In other words, barróg (meaning something like ‘a little tip’) is a perfectly fine Irish expression for someone who has a bachlóg ar a theanga (a bud on his tongue, lisp) or whose speech is impeded by the crampa Gaelach (the Gaelic cramp). It has no connection with the Gaelic word for shoe, bróg. It would take a very fastidious linguist to deny the strength of the evidence linking barróg to brogue. All Ó Séaghdha had to do was look it up in an Irish dictionary to realise that! This is strange, because before he begins his piece on etymology, he says that he can predict that if he claims a word is of Irish origin, he will be told he’s got it wrong. Knowing that to be the case, you’d think he might have looked in an Irish dictionary instead of just Merriam-Webster … (Actually, if he had said that shebeen, or galore, or phoney or whiskey are Irish, nobody would argue, because they are. It’s only when the claims are false that people like me will shoot them down.)

Having said that, Ó Séaghdha wouldn’t be the only person to think that etymology requires no skill or research and can be dashed off on the back of an envelope without effort or donkey-work. (Una Mullally produced a dreadful pile of bullshit for the Irish Times last year.) I hope that the book does well but I sincerely hope that in future editions of Motherfoclóir, the typos and errors and the crap etymology will disappear. There is so much about the Twitter feed and the book that is admirable and I would love to be completely positive about it.

Gandy Dancer

Gandy dancer is a term from the old days of the expansion of the railroads in America. A gandy dancer was a labourer who hooked an iron bar under the tracks, then ‘danced’ on the bar to lever the track up so that others could shovel stones and gravel underneath it.

There is no certainty about where the term came from, but there are many stories and claims.
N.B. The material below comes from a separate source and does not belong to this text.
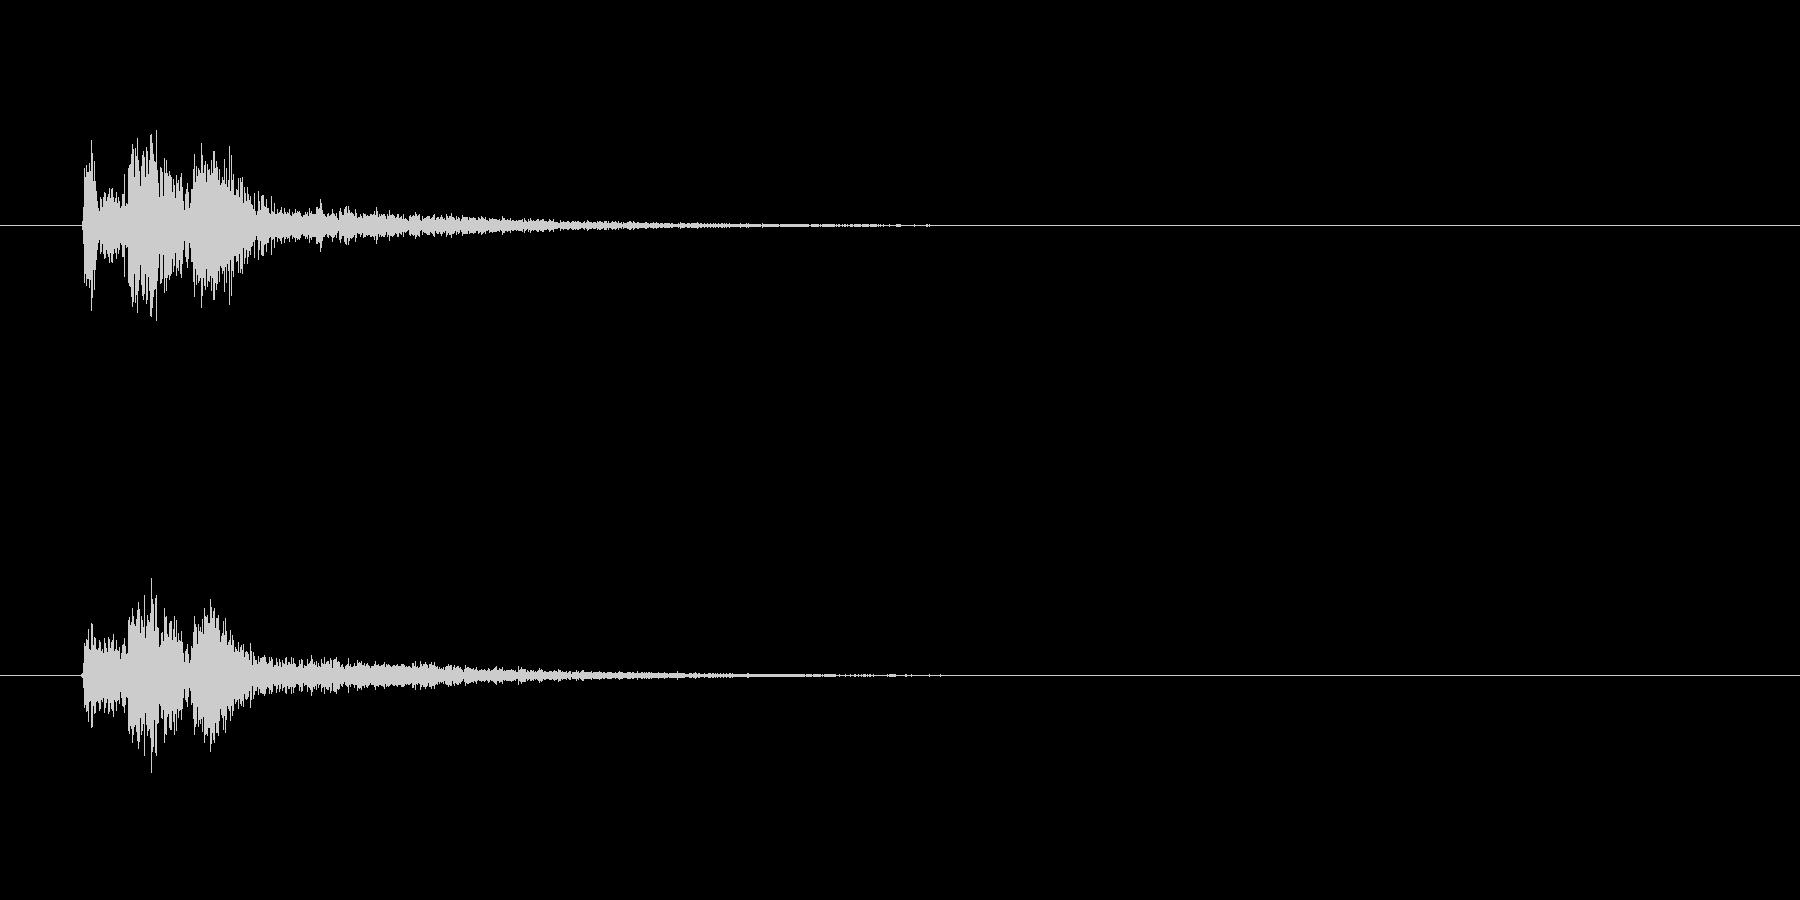 【スポットライト03-1】の未再生の波形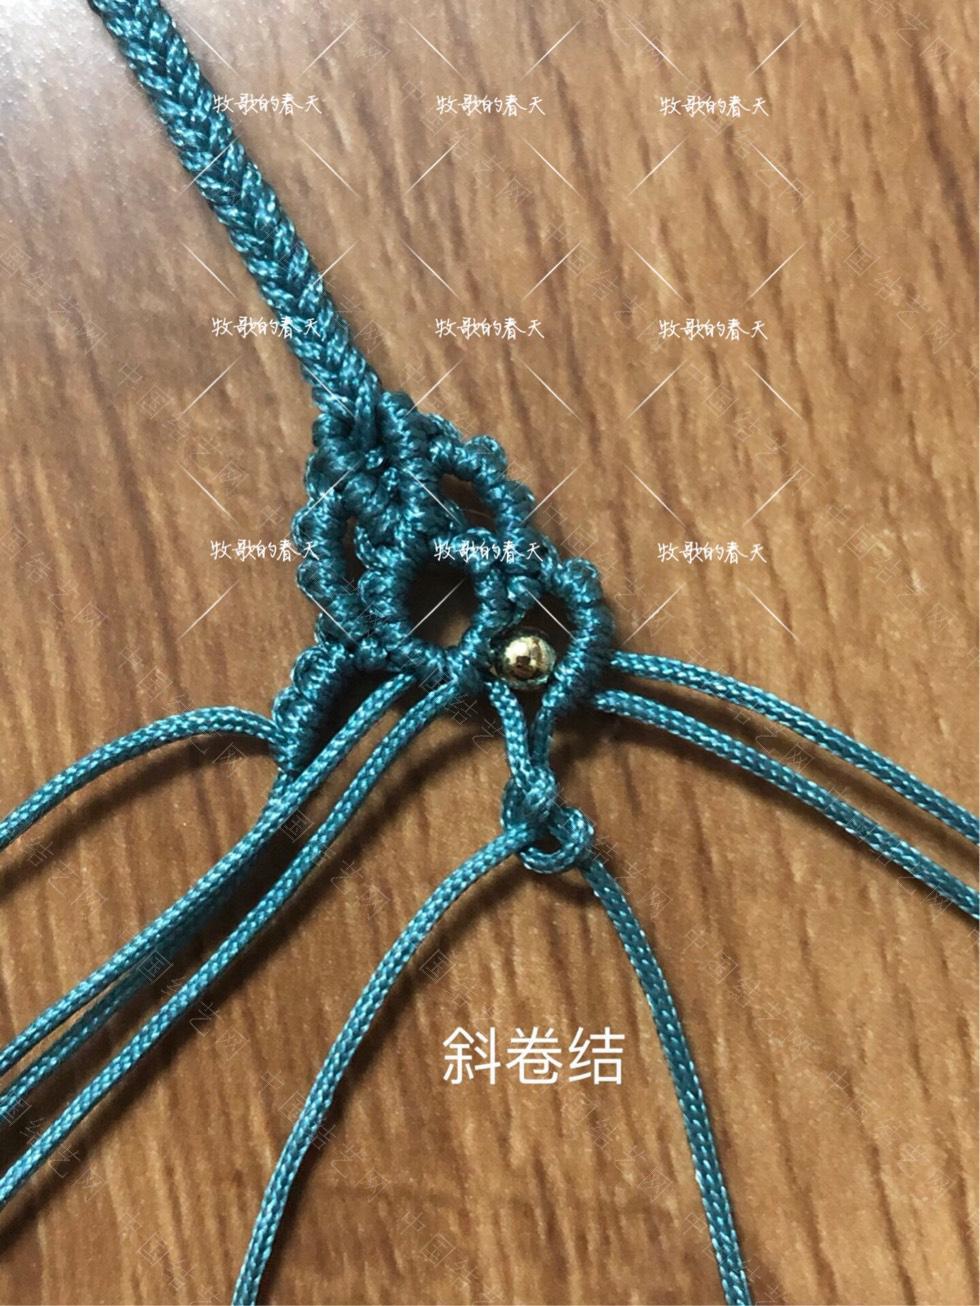 中国结论坛 挂绳尾扣随拍过程  图文教程区 131314tf71rc7qrhnf7kp4

The iron pole used was called a gandy, but whether this came from the expression gandy dancer or gave rise to it is not known. Some claim that a gandy dancer was originally a fairground term for a dealer in cheap shlock. Some claim it was used by George Borrow, who died in 1881. Others say that there was a Gandy Manufacturing Company in Chicago, but there is no evidence of this. A gandy is also Newfoundland slang for a pancake and an English term for a goose.

This uncertainty was like shite to a bluebottle for Daniel Cassidy. Unfortunately, there was no appropriate term available in Irish, but he managed to find something which was close enough to fool a few suckers. His candidate was cinnte, which he claimed meant ‘constant’. In other words, the gandy dancers were ‘constantly’ dancing on the iron rod to lift the rails.

Why isn’t this a good candidate? Well, firstly, there’s the pronunciation. Imagine that somewhere there is a town in England called Kinchester. Knock off the –ster at the end, and you have a reasonable approximation for cinnte. Kin-cha, gandy. Kin-cha, gandy. Not even slightly similar, are they? And in case you don’t believe me, look at focloir.ie (http://www.focloir.ie/ga/dictionary/ei/certain), which gives sound files for the word cinnte in the three main dialects of Irish.

As for the meaning, Cassidy does his usual trick of distorting the truth and rewriting definitions. Cinnte is defined by Ó Dónaill as certain, sure; definite; mean, stingy; constant. You can find the full entry here: http://www.teanglann.ie/ga/fgb/cinnte  Even though constant is given as one meaning in the dictionary, (apparently fearthainn chinnte can be used to mean constant rain, though I’ve never heard it) I don’t think any Irish speaker would give it this meaning independent of any other clues. Cinnte means sure, certain, and it’s a very common word. If someone said damhsa cinnte to me, it would make me think of it as certain dancing, or definite dancing, or determined dancing, (whatever they might mean!) not constant or continual dancing. And even if it did mean constant, isn’t this a bit strange, in English or in Irish? After all, if someone is called a dancer, isn’t this because they perform their ‘dance’ on the iron rod most of the time? So why would it be so important to specify that they do it a lot?

Of course, Cassidy again displays his ignorance of the language by mixing modern spellings from Ó Dónaill with old spellings from Dinneen, and he copies the phrase fearthainn chinnte wrongly as fearthainn cinnte, showing once again that he knew nothing about the language.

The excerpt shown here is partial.